Regarding the techniques applied, the first studies were based on the application of statistical techniques, while later, have been introduced automatic learning techniques. Other techniques that have begun implementing in recent years - not free of controversy - are the use of compression algorithms. Compression techniques are common within the text strings, encoding the longest at the lowest possible number of bits.
In order to define the author's writing, on the one hand, a number of brands at different linguistic levels (at the token, syntax, based on the wealth of vocabulary, by frequency of occurrence of words, grammar errors, etc) are used along with statistical methods and Machine Learning. On the other hand, the compression algorithms are applied directly on documents, due to their nature, they have the ability to capture for themselves hallmarks of the author's writing from full text, without the need for prior extraction trademark style.
The main objective of this task is to obtain a reductive transformation of source text through content condensation by selection and/or generalisation of what is important in the source. This is not a novel task, since research on Text Summarization began in the late fifties when different techniques, such as word frequency or position in text were analyzed in order to produce automatic summaries by means of a computer with no human intervention. Since then, many different techniques have been developed and used in Text Summarization and different approaches can be found in the literature. However, this task has experienced a great development in recent years, mostly due to the rapid growth of the Internet. Users have to deal with a huge amount of documents in many formats. As a consequence, we need methods and tools to present all information in a clear and concise way, easy to read and to understand, thus allowing users to save time and resources.
The approach adopted in order to produce a summary is one of the main issues of this task. Regarding this, a summary can be an extract (i.e. when a selection of “significant” sentences of a document is performed), or an abstract, when the summary can be a substitute to the original document. At present, abstract generation is a big challenge, and therefore, semantic knowledge, as well as other NLP techniques, such as Textual Entailment, Anaphora Resolution or Information Extraction, are essential to the proper achievement of the task.
All tasks of the NLP are based on certain resources tailored to help its success in varying degrees. These can be collections of examples, ontologies, dictionaries, etc.. which are essential to solve a particular task, depending to the approach selected.
Most of the tasks of Natural Language Processing are addressed by Machine Learning methods, for which they need to have a sufficient number of examples listed and not listed.
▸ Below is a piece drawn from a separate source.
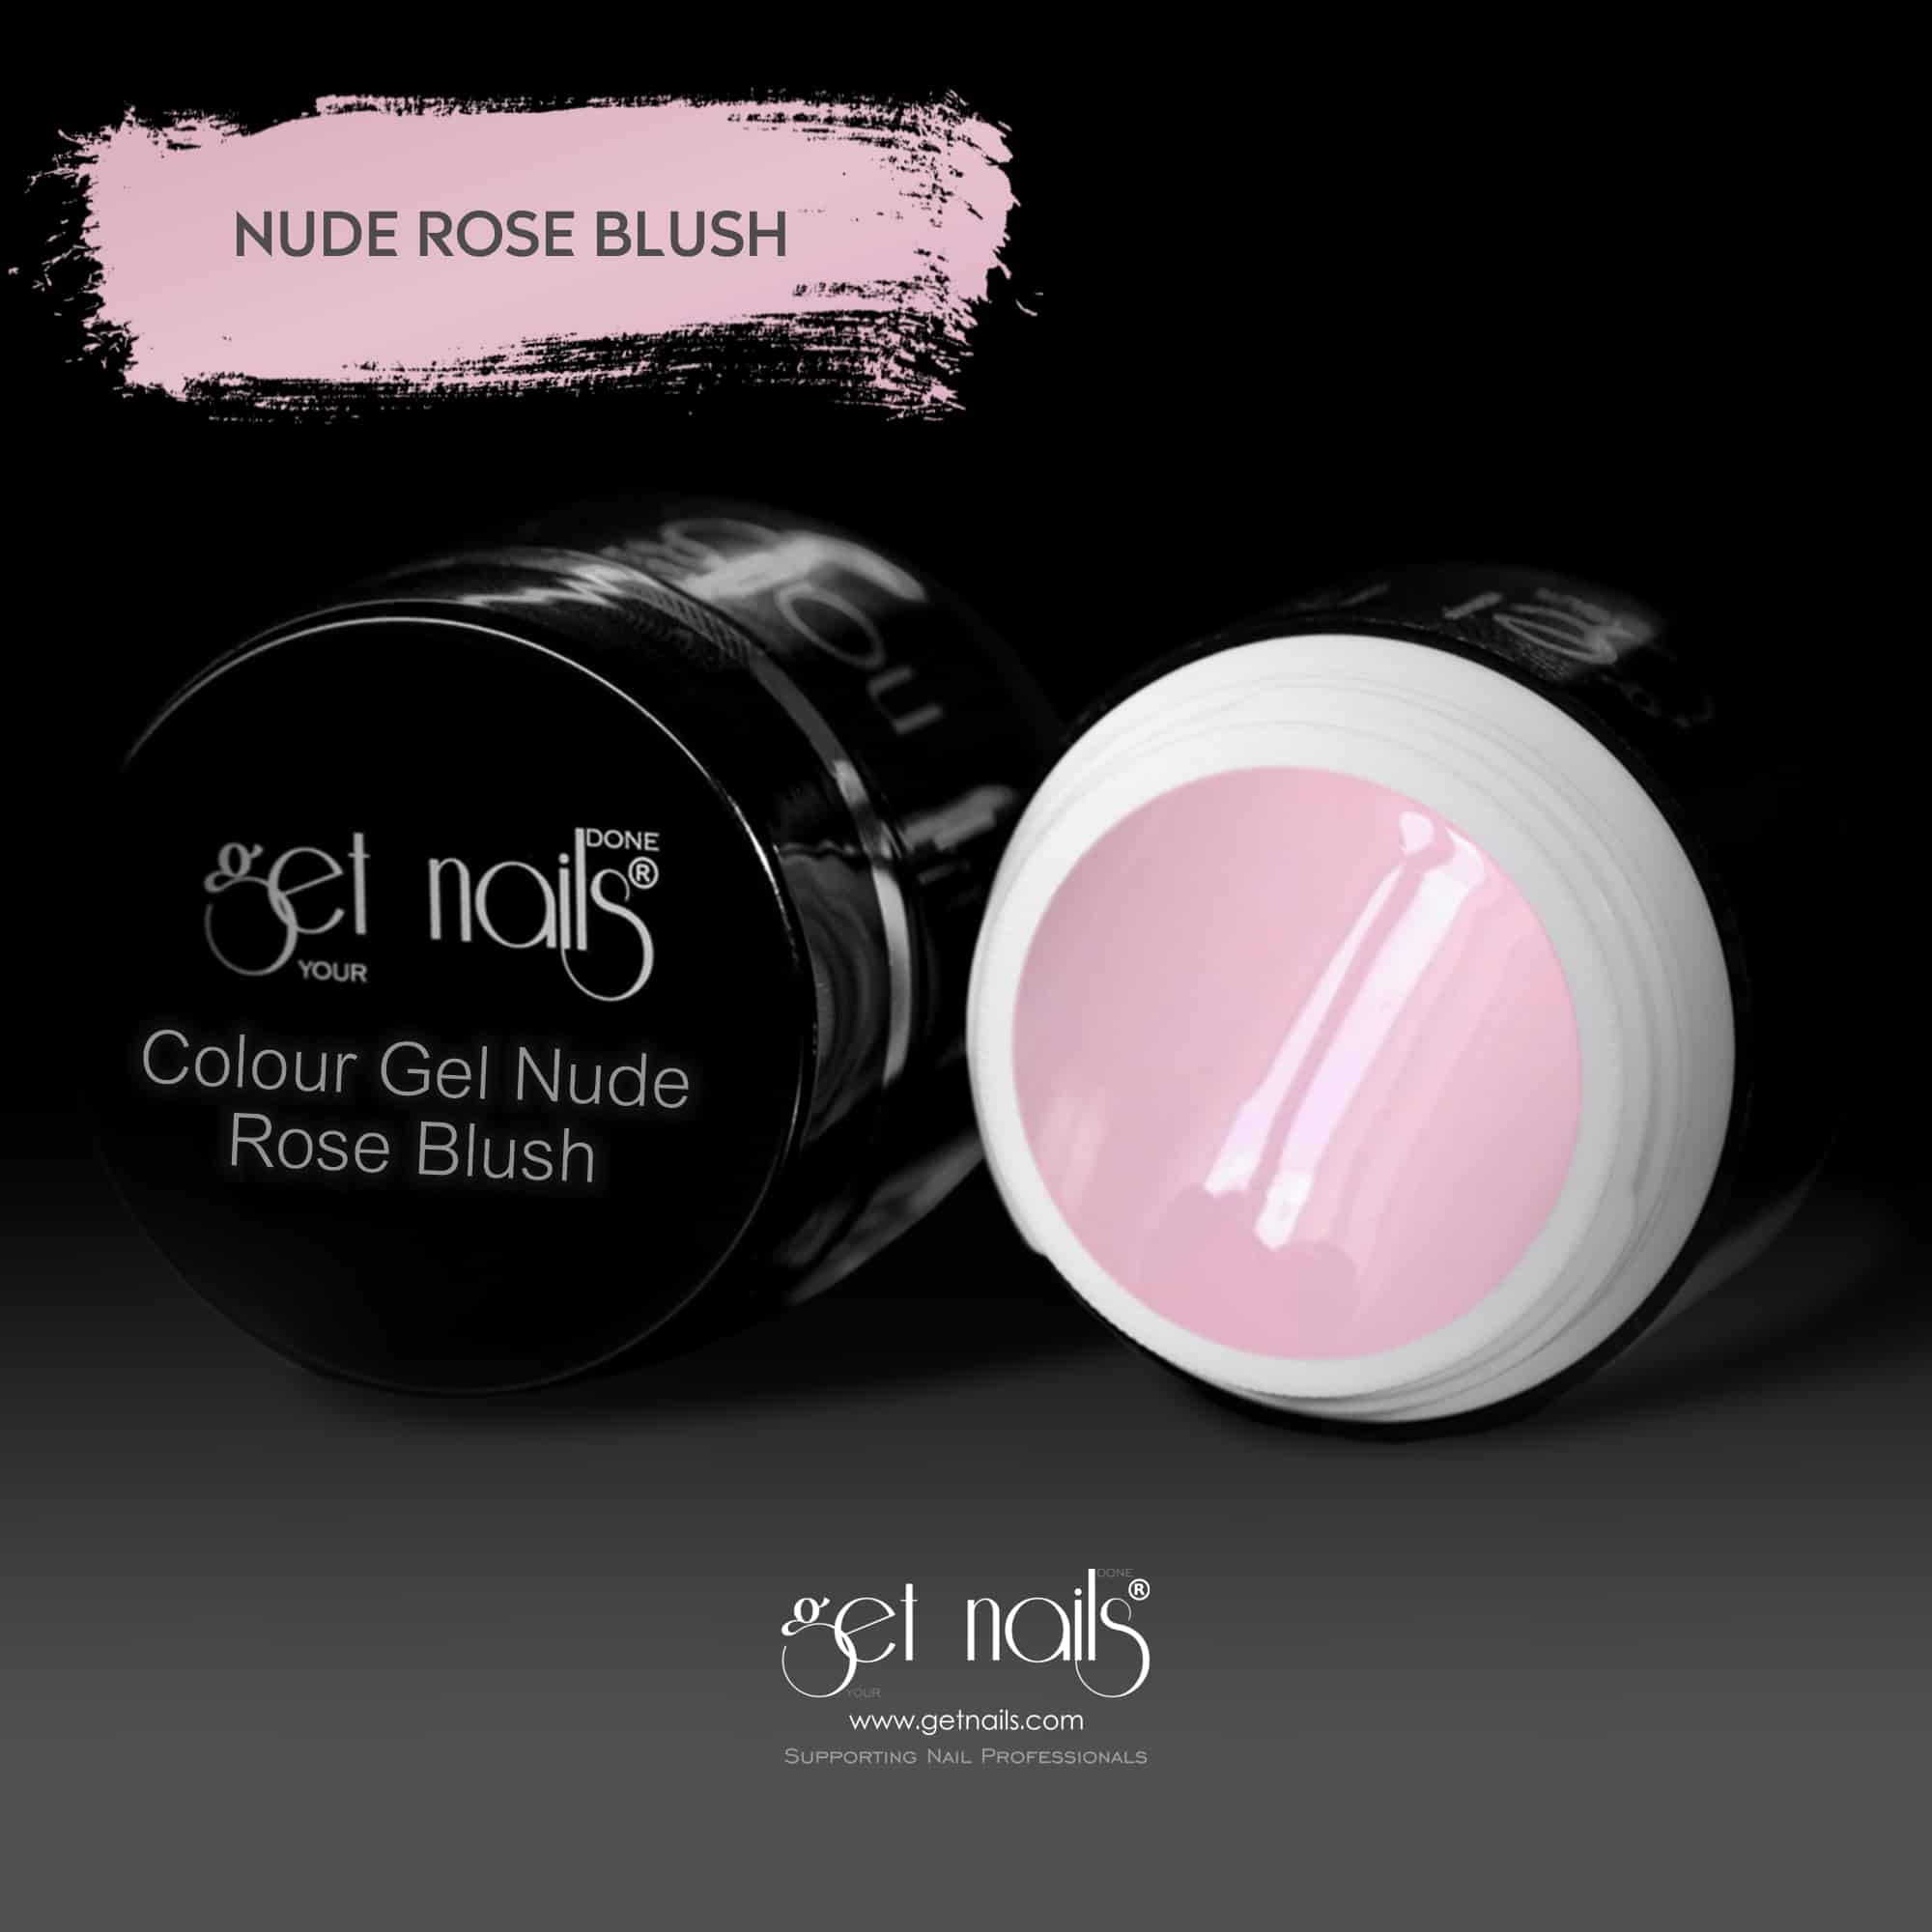 Get Nails Austria - Gel colorato Nude Rose Blush 5g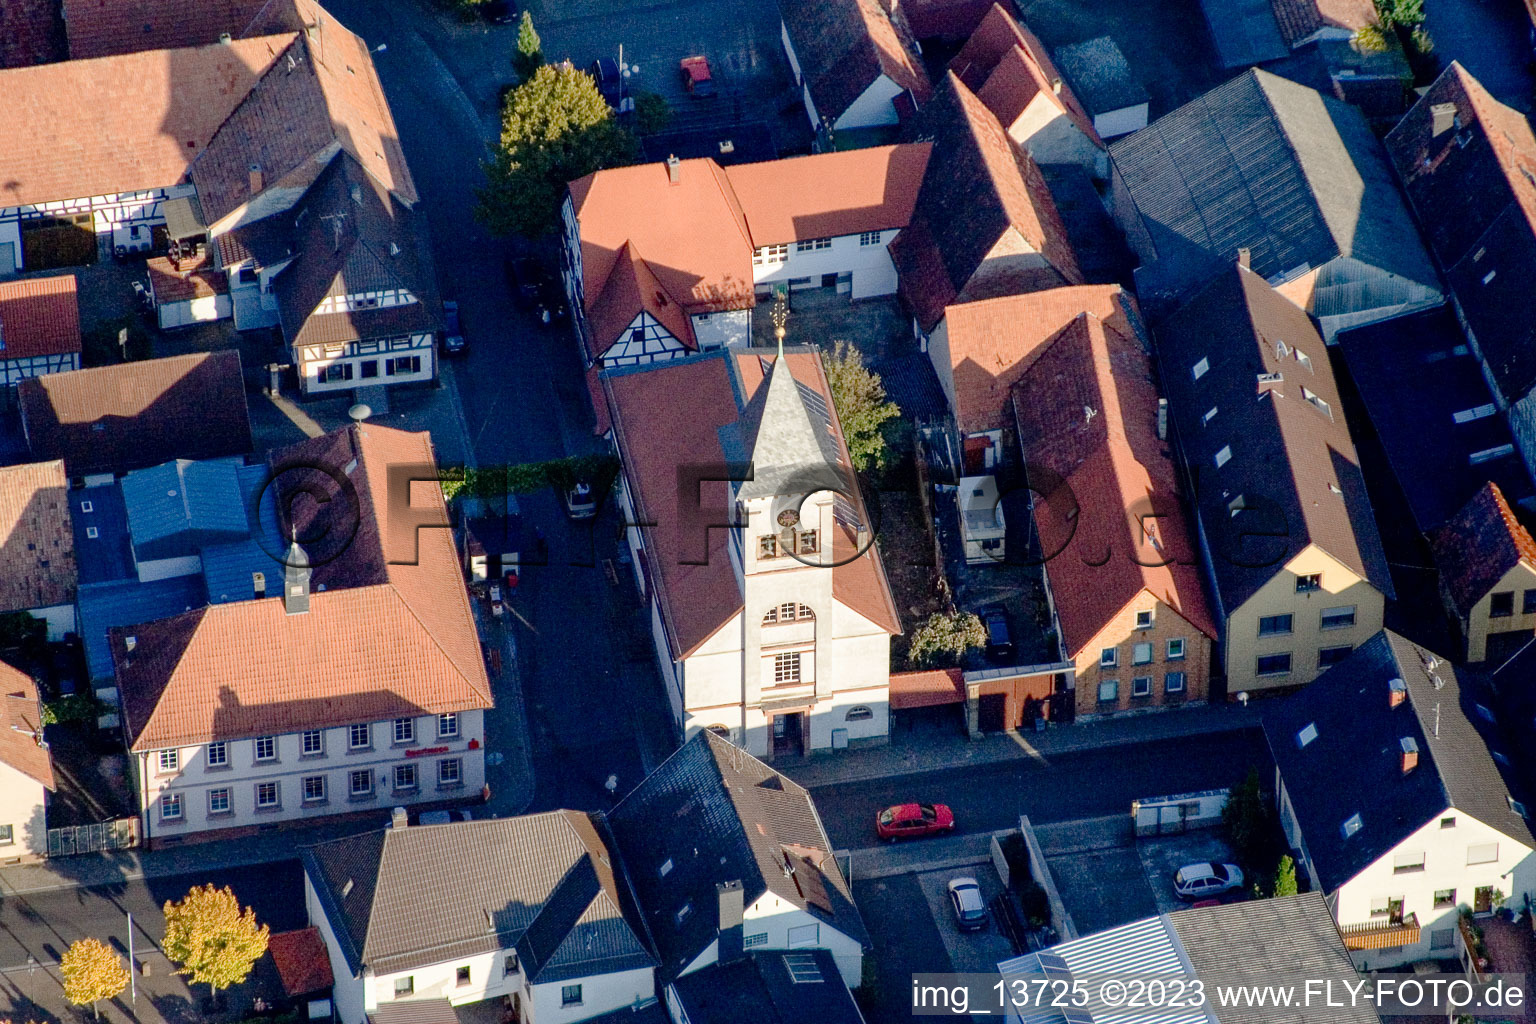 Church building in the village of in the district Ingenheim in Billigheim-Ingenheim in the state Rhineland-Palatinate

That is why the collected works of very different nature and their subsequent labeling with linguistic information is essential if we want to obtain robust and efficient software tools. The GPLSI has participated in several projects involving the building of parallel corpus syntactically and semantically annotated in Spanish, Catalan and Euskera.
An ontology is a representation of our knowledge of the world; it is more than a dictionary where only are outlined the possible meanings of a word. It is merely a taxonomy in which only few relations between terms are showed. An ontology is a set of interrelated concepts and attempts to systematize and correlate our knowledge, from the most abstract to the most concrete. It is a vital tool for new proposals for sharing information over the Internet as the Semantic Web or Web 2.0, and also for NLP tools as the Question Answering systems.